In morphea, skin involvement is often asymmetric, patchy, or linear and does not extend towards upper extremities or internal organs.

Classification

Morphea is categorized into five subtypes developed by Peterson et al.⁶ These categories include: plaque morphea, generalized morphea, bullous morphea, linear morphea, and deep morphea.

1) Plaque morphea (Figure 1), the most common subtype, often presents with defined, hardened plaques with a yellow-white center and a surrounding  red-purple colored halo. Plaque morphea often involves only one or two sites on the body. 

2) Generalized morphea is characterized by lesions on two or more parts of the body, which can grow together to form a larger plaque. Often, patients will have sites with multiple hardened plaques with darkened areas of pigmentation and/or muscle wasting.

3) Bullous morphea is characterized by tense, large blisters in the upper layers of the skin that may overlie morphea changes.

4) Linear morphea is characterized by band-like streaks that may be depressed on the skin. Linear morphea often occurs on the extremities or face and scalp and may also involve structures underneath the skin, including soft tissue, muscle, and bone.^7,8  Linear morphea often occurs in children.  The “en coup de sabre” subtype is common in childhood and often located on the forehead, extending into the scalp.  This subtype may be associated with underlying abnormalities which may cause seizures and headaches.

5) Deep morphea is the most rare subtype of morphea (<5% of patients affected with morphea). Deep morphea is characterized by many lesions involving structures under the skin including subcutaneous tissue, fascia, or superficial muscle.^4,6                   

Mechanism and Cause

The cause of morphea is unknown. It may be caused by multiple factors and could be associated with trauma, radiation, medications, infection, and autoimmunity.³ These factors may lead to small vessel damage, which prompts the release of signals that can cause hardening of structures in the skin.^3,4,9

 

References

1. Peterson LS, Nelson AM, Su WP, Mason T, O'Fallon WM, Gabriel SE. The epidemiology of morphea (localized scleroderma) in Olmsted County 1960-1993. The Journal of rheumatology 1997;24:73-80.

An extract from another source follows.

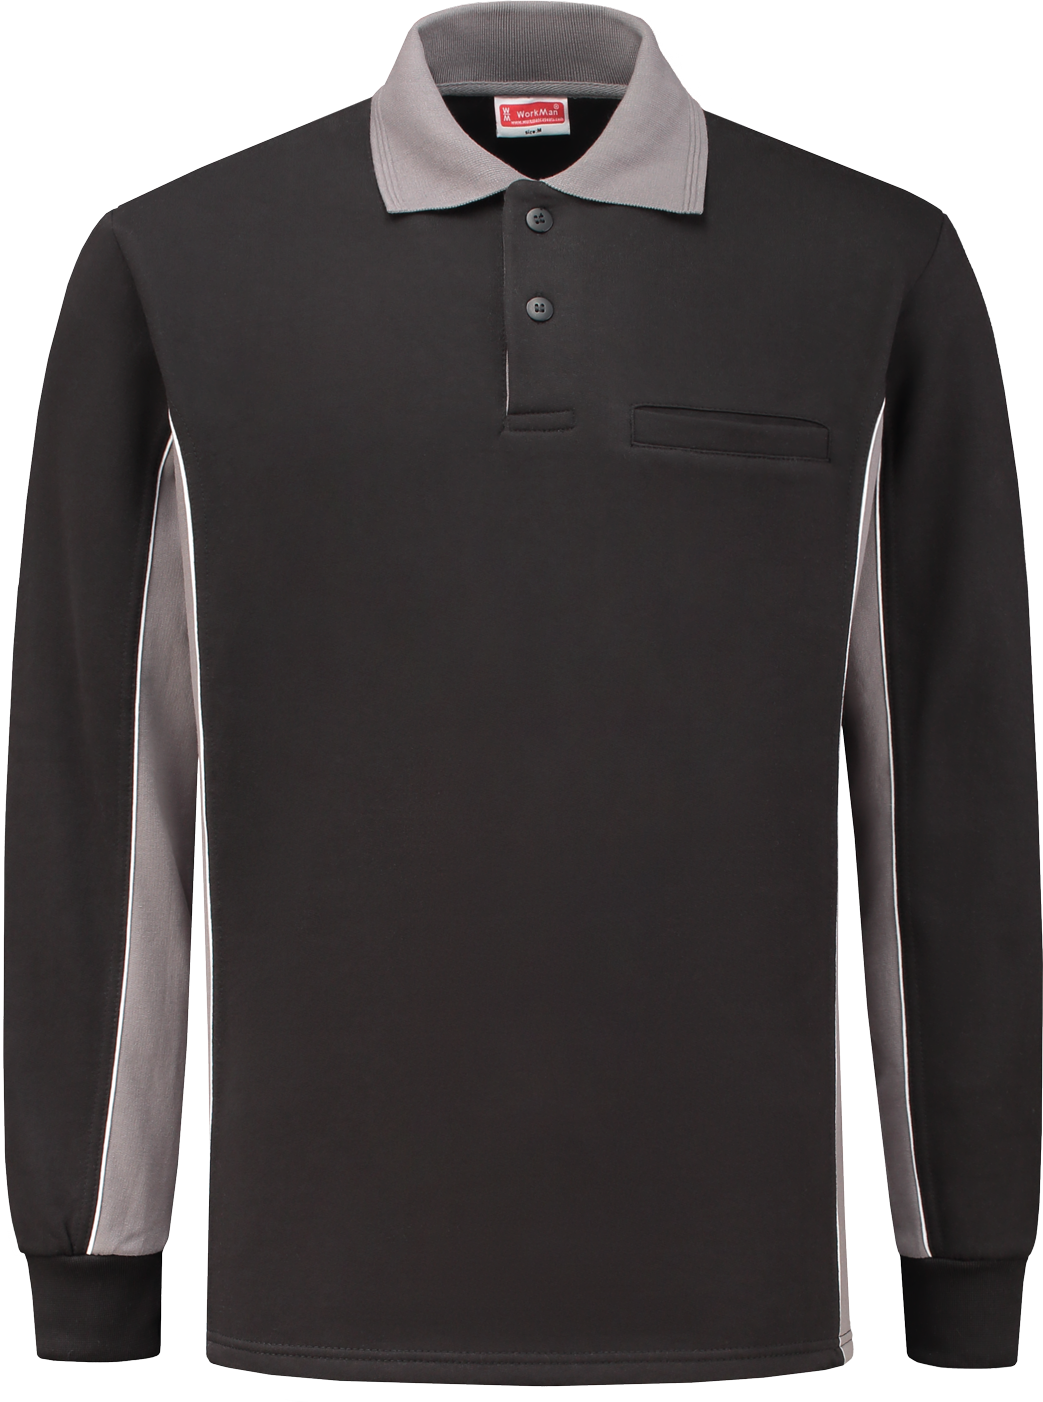 10.6.2406.04 2406 Polosweater Bi-Colour Zwart / Grijs XL

2. Murray KJ, Laxer RM. Scleroderma in children and adolescents. Rheum Dis Clin North Am 2002;28:603-24.

3. Fett N, Werth VP. Update on morphea: part I. Epidemiology, clinical presentation, and pathogenesis. Journal of the American Academy of Dermatology 2011;64:217-28; quiz 29-30.

4. Kreuter A. Localized scleroderma. Dermatol Ther 2012;25:135-47.

5. Hudson M, Taillefer S, Steele R, et al. Improving the sensitivity of the American College of Rheumatology classification criteria for systemic sclerosis. Clinical and experimental rheumatology 2007;25:754-7.

6. Peterson LS, Nelson AM, Su WP. Classification of morphea (localized scleroderma). Mayo Clin Proc 1995;70:1068-76.

7. Zulian F, Athreya BH, Laxer R, et al. Juvenile localized scleroderma: clinical and epidemiological features in 750 children. An international study. Rheumatology 2006;45:614-20.

8. Zulian F, Vallongo C, Woo P, et al. Localized scleroderma in childhood is not just a skin disease. Arthritis and rheumatism 2005;52:2873-81.

9. Vasquez R, Sendejo C, Jacobe H. Morphea and other localized forms of scleroderma. Current opinion in rheumatology 2012;24:685-93.